___ Provided data ___

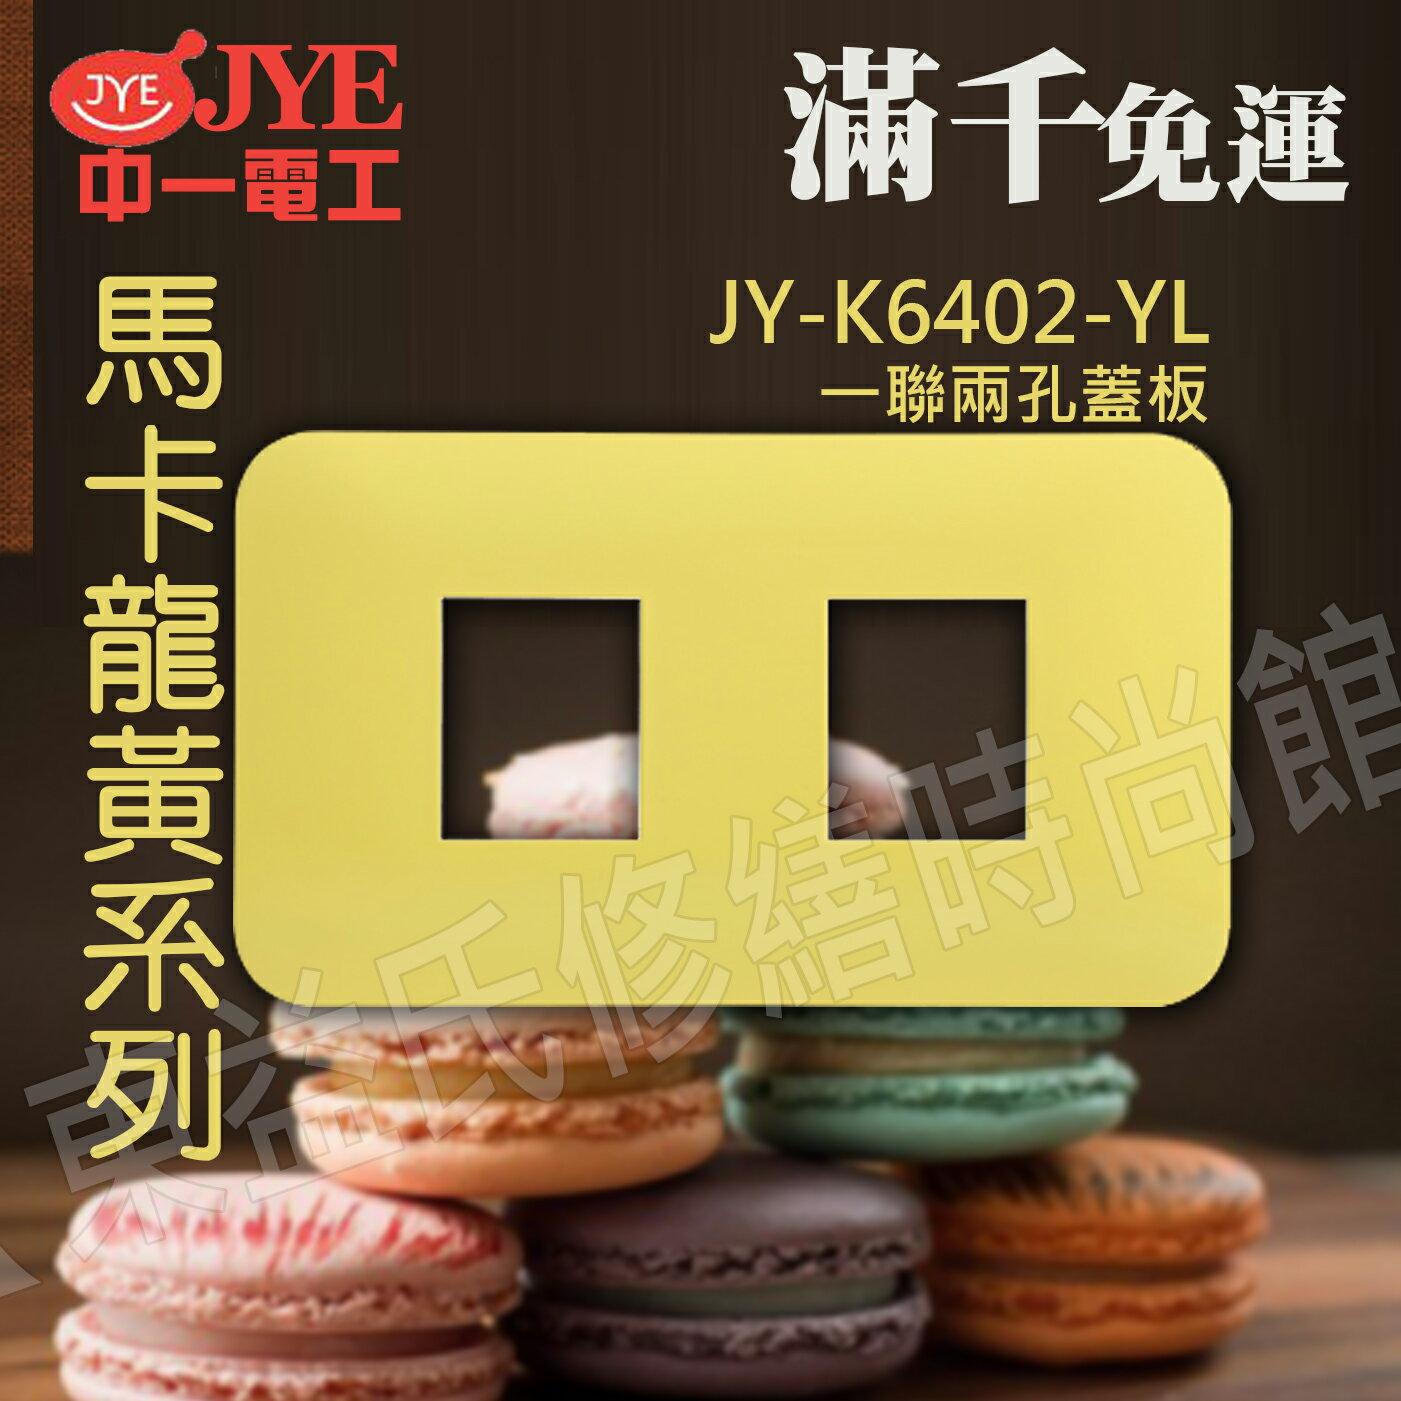 【東益氏】中一電工時尚系列-馬卡龍黃-JY-K6402-YL 一聯兩孔蓋板 另售Panasonic GLATIMA全系列 星光全系列 開關 插座 蓋板
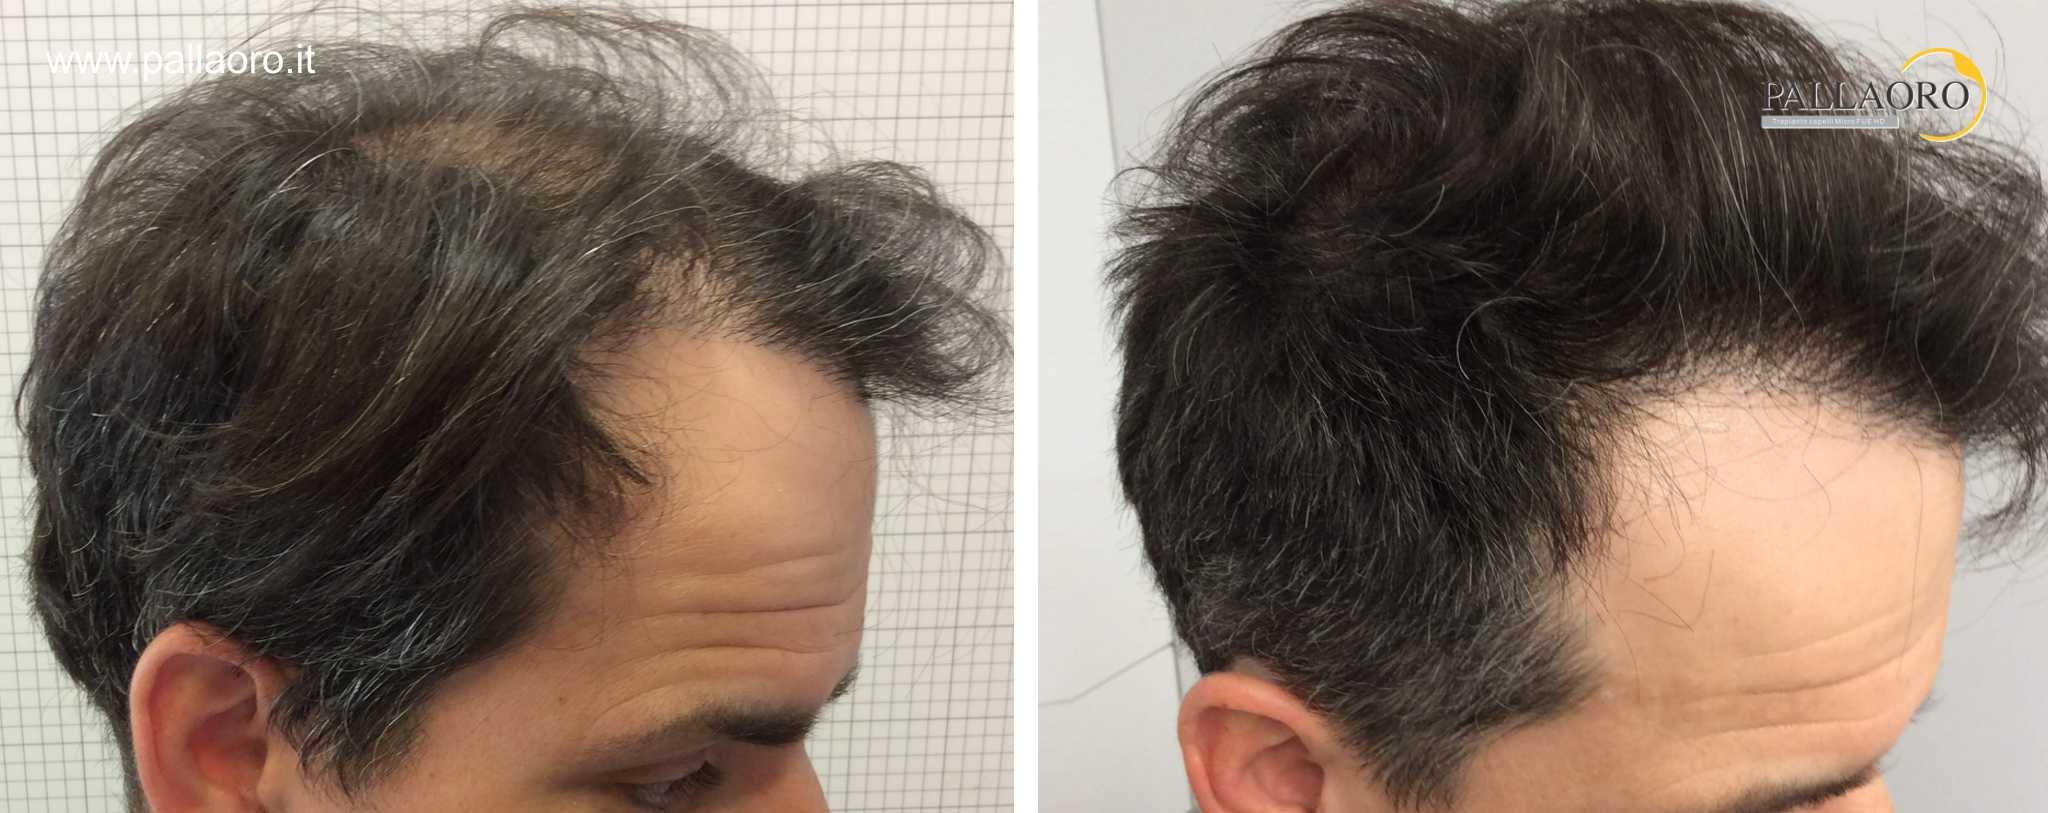 trapianto capelli 01061
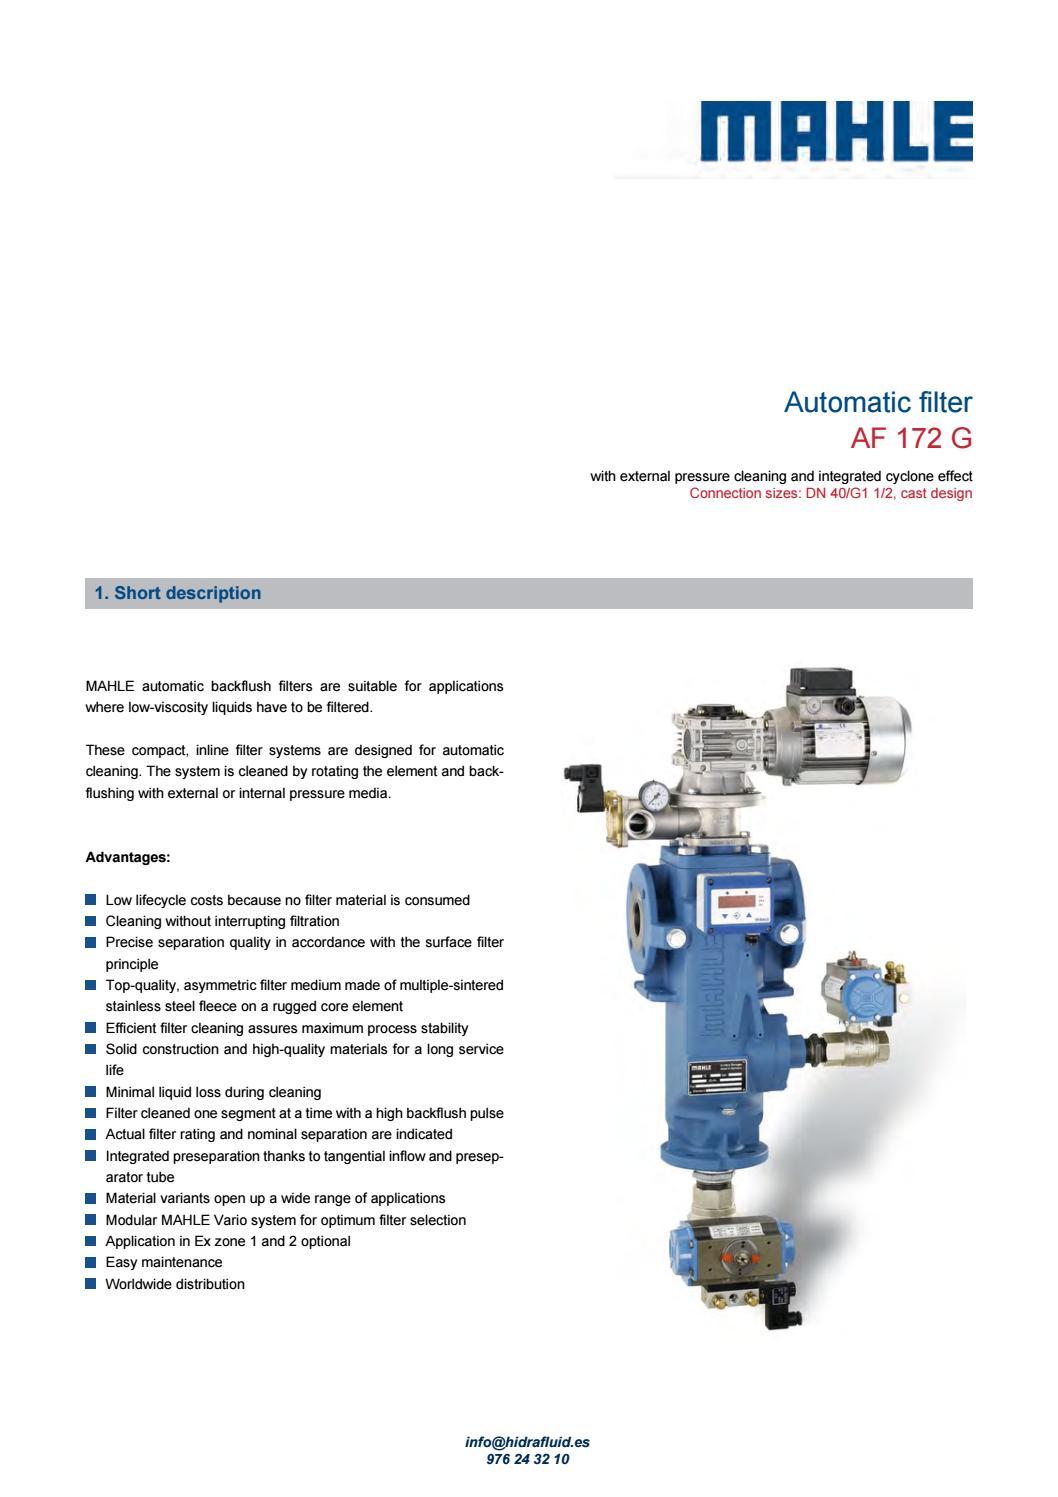 FILTRO AUTOLIMPIANTE AF 172 MAHLE by hidrafluid - issuu

___

Exercise instructions: Transcribe the whole of the data exactly, minus any pictures.

Response:
 【東益氏】中一電工時尚系列-馬卡龍黃-JY-K6402-YL 一聯兩孔蓋板 另售Panasonic GLATIMA全系列 星光全系列 開關 插座 蓋板
 trapianto capelli 01061
 FILTRO AUTOLIMPIANTE AF 172 MAHLE by hidrafluid - issuu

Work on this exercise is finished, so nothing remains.